Fritsch described the Pence family reaction in Indiana and across the country as “ecstatic.”

“We’re all very close, and we’ve all been very involved in Michael’s life,” she said. “We are all very proud of him and wish the best for him. We have hoped and prayed this would come about.”

As far as she knows, there are no plans for family members to be in New York City today when Pence and Trump appear together as their party’s running mates.

Mike Pence’s sister-in-law, Denise Pence, is Bartholomew County’s delegate to the Republican National Convention in Cleveland and will see him there, Fritsch said.

It’s more likely that some of the family will see him when he returns to Indiana this weekend before heading to the convention in Ohio, she said.
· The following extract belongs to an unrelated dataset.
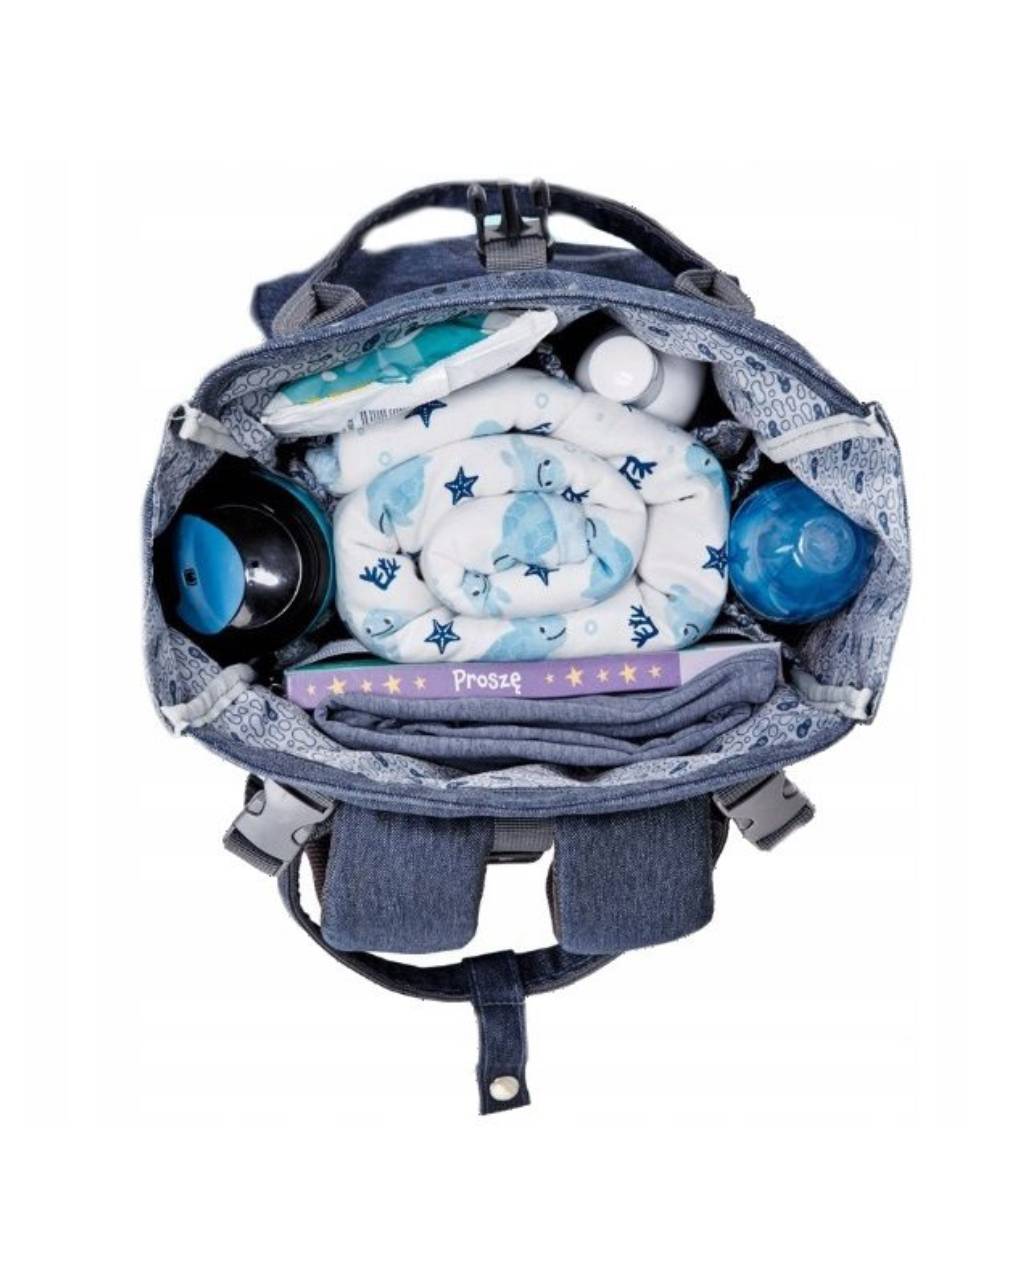 Kinderkraft τσάντα αλλαξιέρα backpack moonpack confetti dem - Kinderkraft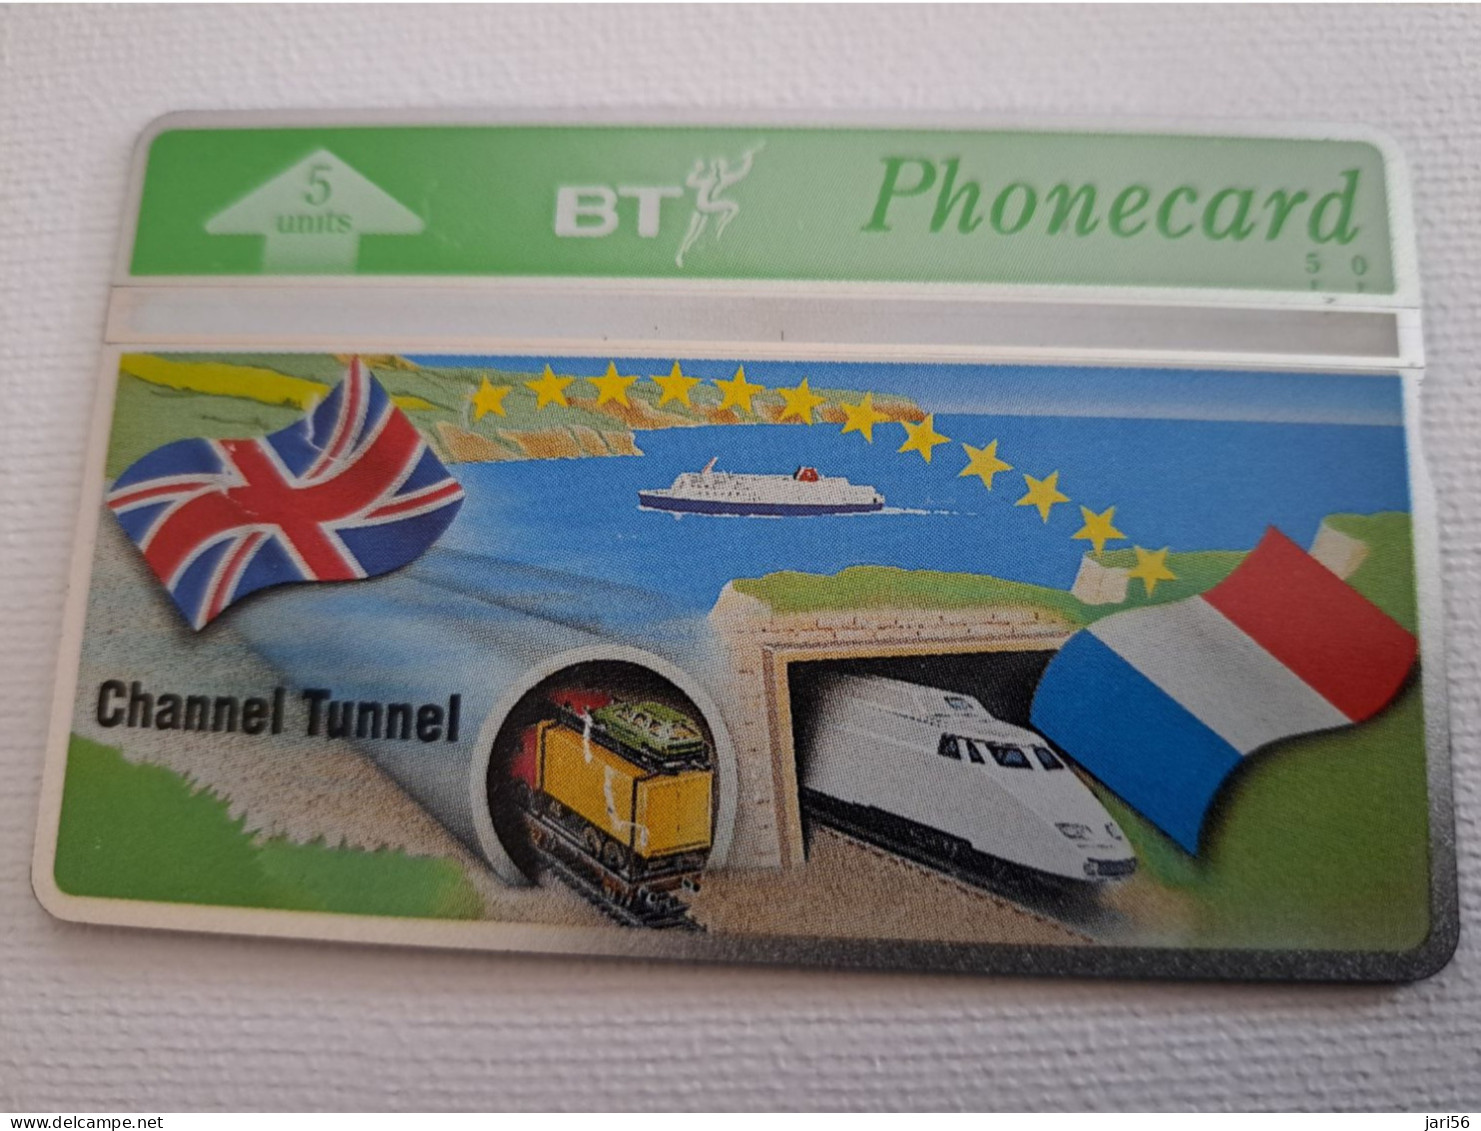 GREAT BRETAGNE/ L & G  5 UNITS / CHANNEL TUNNEL/ TGV TRAIN/   / 405B /  MINT CARD **16576** - BT Overseas Issues

Her son did introduce Fritsch to Trump at Tuesday’s nights rally in Westfield, but Fritsch said it was a brief encounter with her son saying, “and this is my mother,” as she met the presidential candidate.

Admitting that she hadn’t yet gotten her head around the idea of her son on a presidential ballot, she said the world seemed a little smaller now that her son has taken on this challenge.

Fritsch said she never considered aspirations for her politician son or any of his siblings.

“It’s not my hope for him, we never had hopes for them,” she said. “His father (Ed Sr.) used to say, ‘They all climb their own mountains.’”

And she didn’t have any advice for her son as he joins the Trump team, saying only that she is sure he is thrilled to be part of it.

In the meantime, she’s keeping the memory of walking through the county fair near Columbus with her son, holding his hand and greeting friends who had come out to wish them well.

“It’s always good to hold your son’s hand,” she said. “It’s something we’ve done since he was a little boy.”